The Christian's Rest

All who believe in Christ may enter into rest, and thus keep a continual Sabbath, "For we which have believed do enter into rest" (Hebrews 4:3). As new creatures, we rest all the time. Each Christian-in proportion to his or her knowledge and faith-will have rest.

But the rest we have entered into is not our ultimate rest. A permanent rest awaits us: "There remaineth therefore a rest to the people of God. . . .Let us labor therefore to enter into that rest, lest any man fall after the same example of unbelief" (Hebrews 4:9-11). Christians will enter into that rest when they experience their resurrection change, when they will enter into the joys of their Lord. In addition, so far as the world is concerned, the great Messiah's reign of a thousand years will be the Sabbath for the world in general. Their rest will also mean coming into complete harmony with God. What a sublime prospect!

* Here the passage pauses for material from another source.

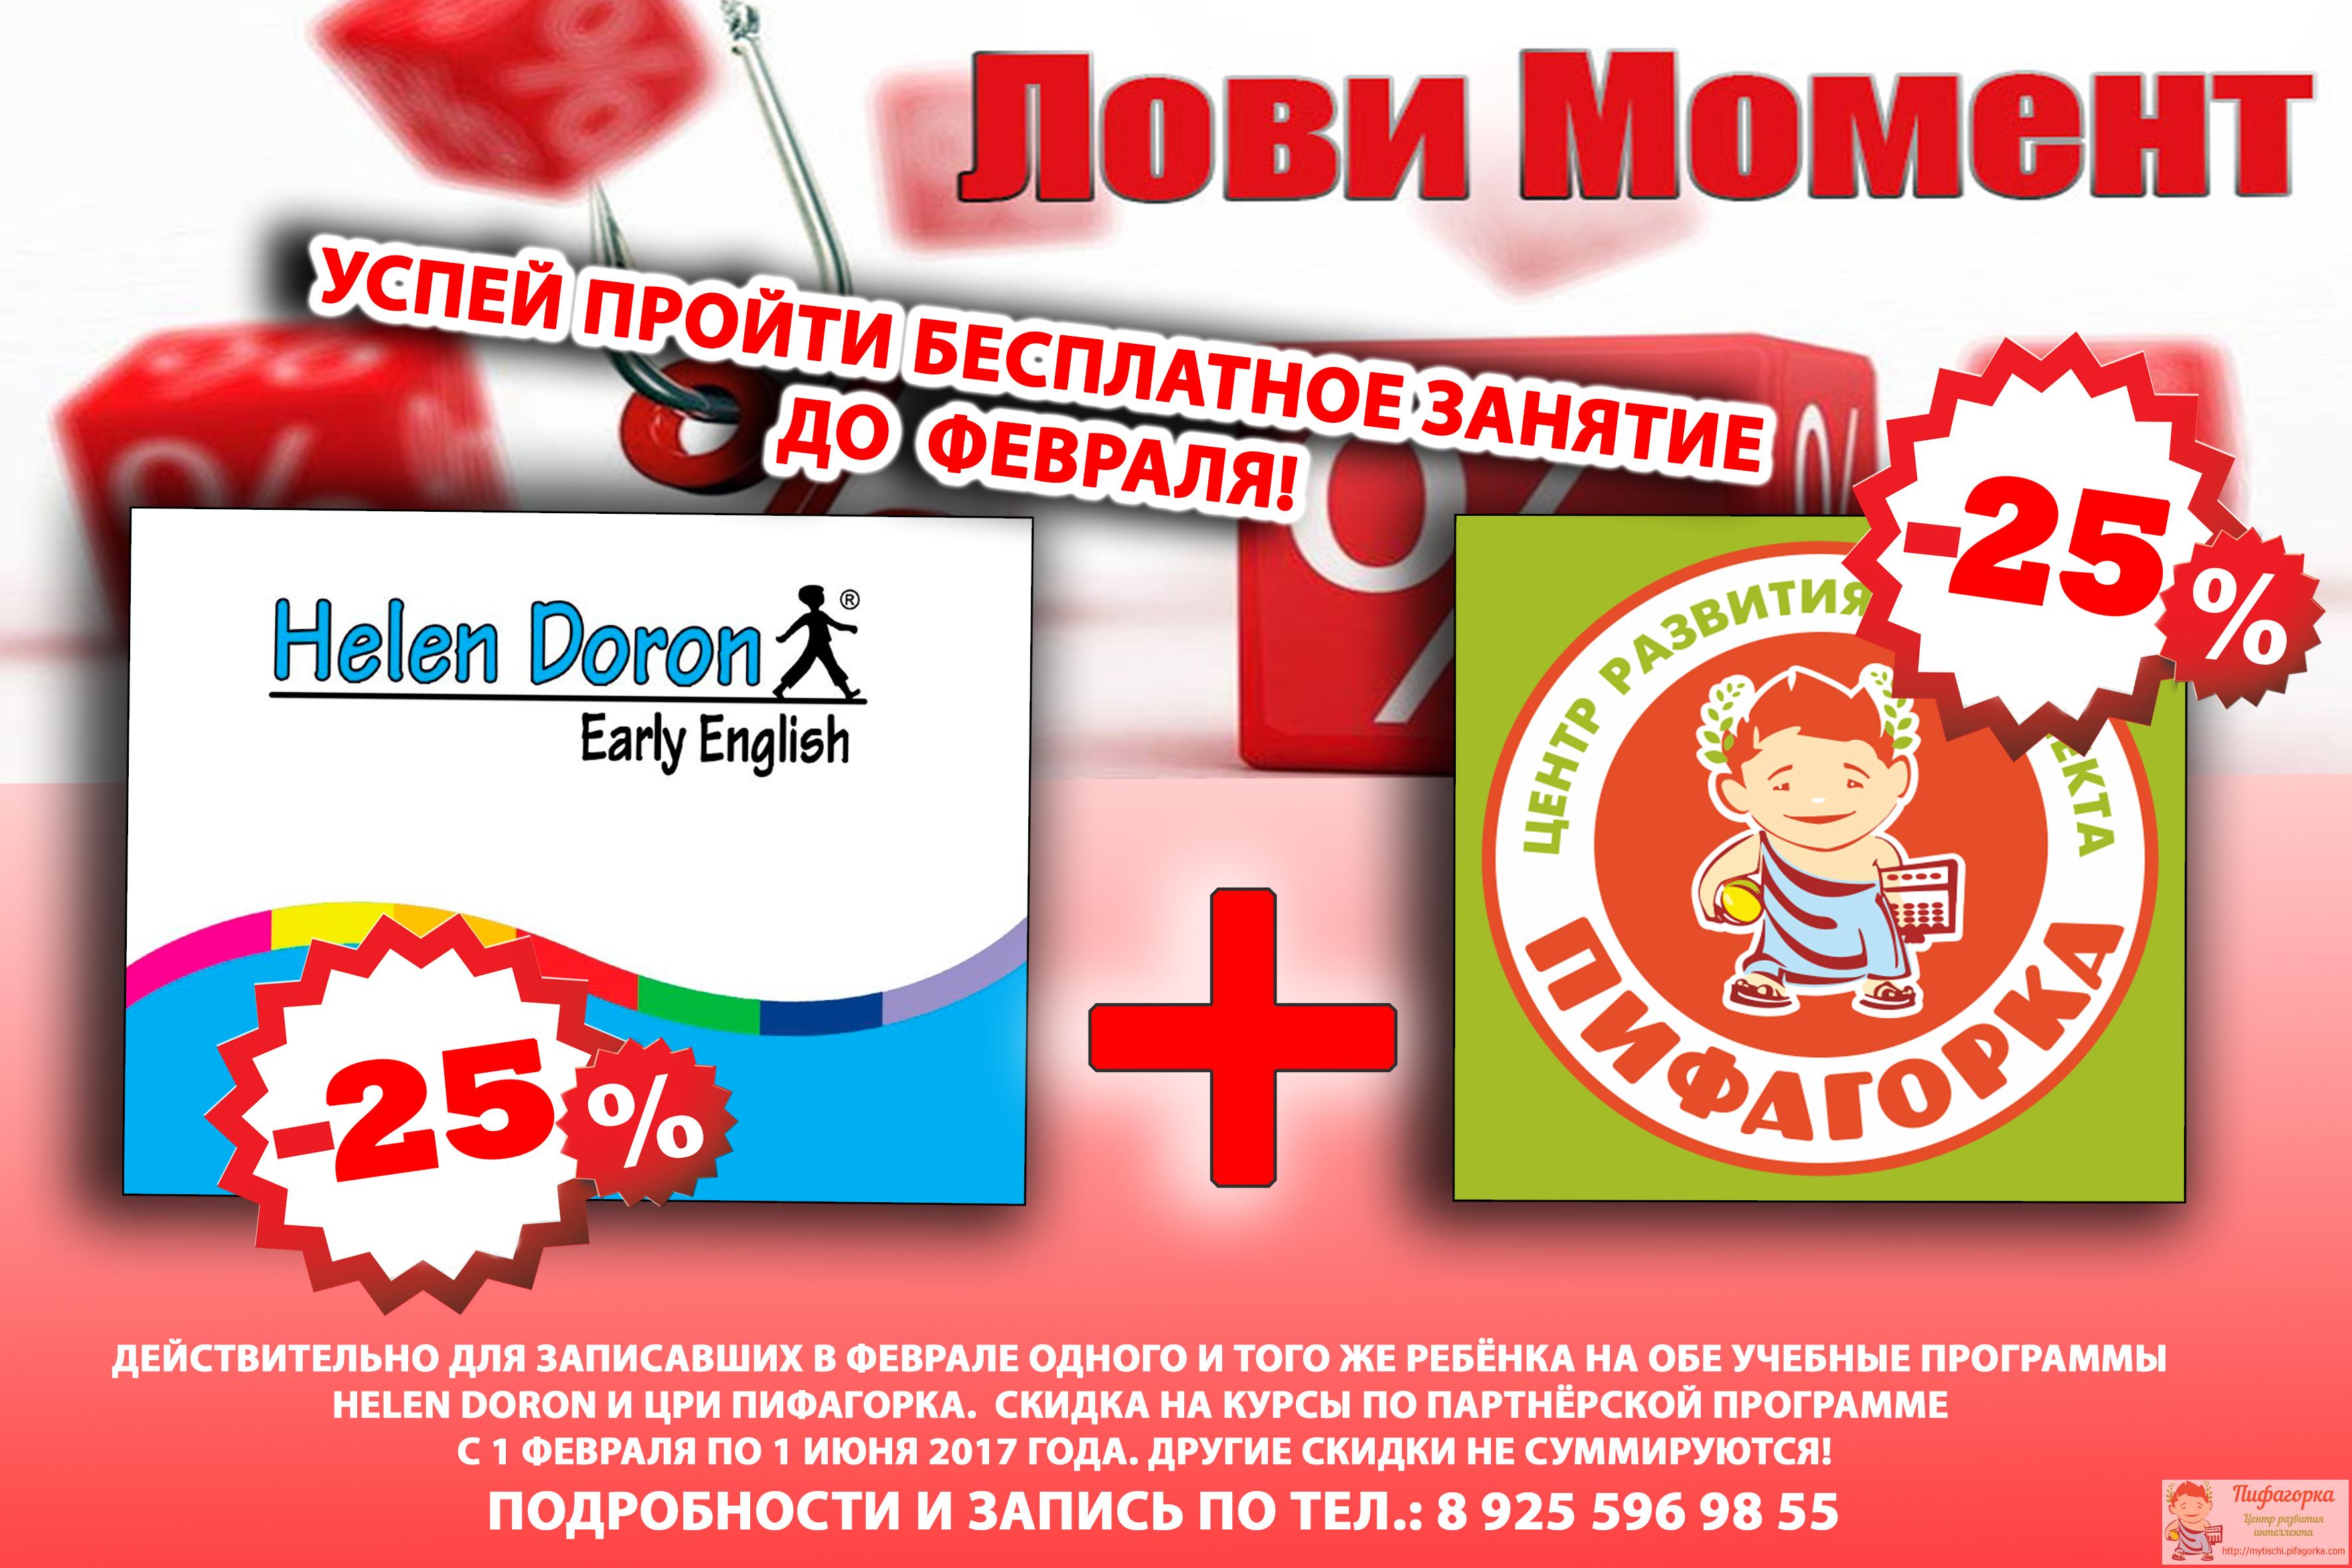 Пифагорка + Английский = Скидка 25%!

For the present, Christians are thankful for any day set aside for the opportunity to worship God and fellowship with fellow Christians. The Christian Sabbath is not broken by physical labor. Nor is it dependent on physical ease. It is deep and lasting rest, only broken by doubt in Jesus Christ. The Christian Sabbath is Sunday through Saturday—all week, all the time.